Reforms have improved resilience

Earlier, the IMF Mission Chief for Nigeria, Axel Schimmelpfennig, said recent reforms had enhanced resilience and helped the country manage the economic fallout from the ongoing conflict in the Middle East.

“One of the key messages from the report is that strong reforms over the past three years have improved macroeconomic outcomes and improved resilience,” he said.

Mr Schimmelpfennig noted that higher global oil prices resulting from the conflict could improve Nigeria’s export earnings and government revenues, but would also create inflationary pressures through increased fuel, food, and fertiliser costs.

He recommended a broadly neutral fiscal stance for 2026, with the budget deficit remaining largely unchanged relative to 2025, to support macroeconomic stability and complement the Central Bank of Nigeria’s efforts to curb inflation.

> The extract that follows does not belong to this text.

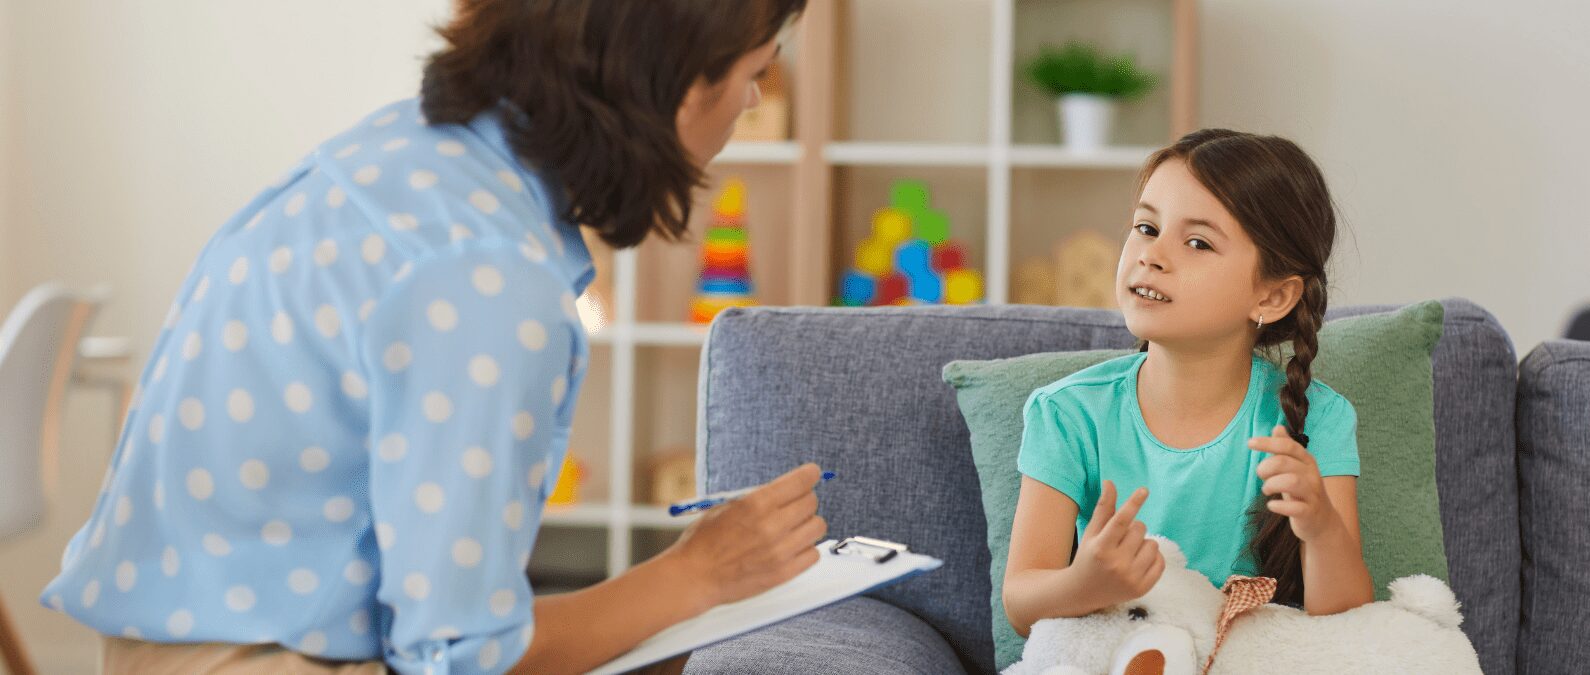 dépistage du TDAH chez l'enfant avec un professionnel de la santé, médecin ou psychologue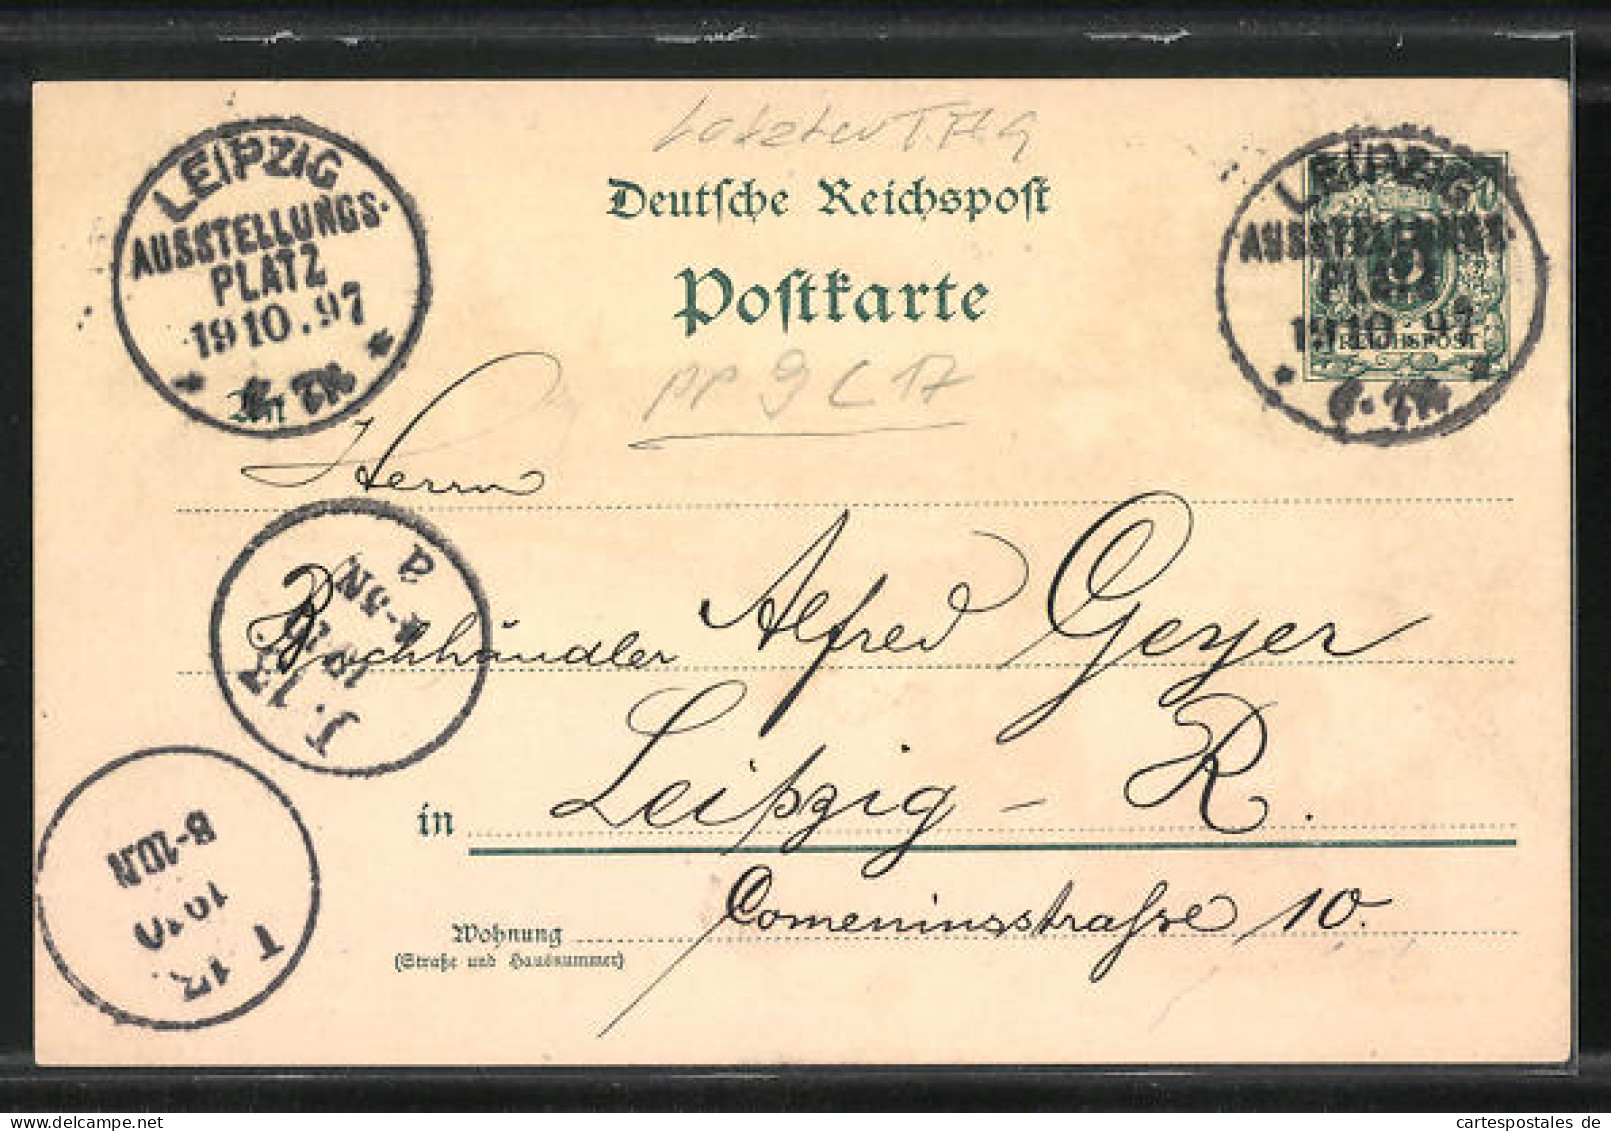 Lithographie Leipzig, Sächs.-Thür. Industrie U. Gewerbe-Ausstellung 1897, Reiterstandbild König Albert V. Sachsen  - Exhibitions

“We continue to think that the flexible exchange rate regime is serving Nigeria well, and we’ve even seen an appreciation against the US dollar since the start of the year,” he said.

Growth projections

The IMF projects that Nigeria’s economy will grow by 4.1 per cent in 2026 and 4.3 per cent in 2027, though these forecasts are lower than previous projections due to the economic consequences of the Middle East conflict.

Mr Schimmelpfennig stressed that monetary policy should remain restrictive for longer than previously anticipated, given renewed inflationary pressures stemming from global developments.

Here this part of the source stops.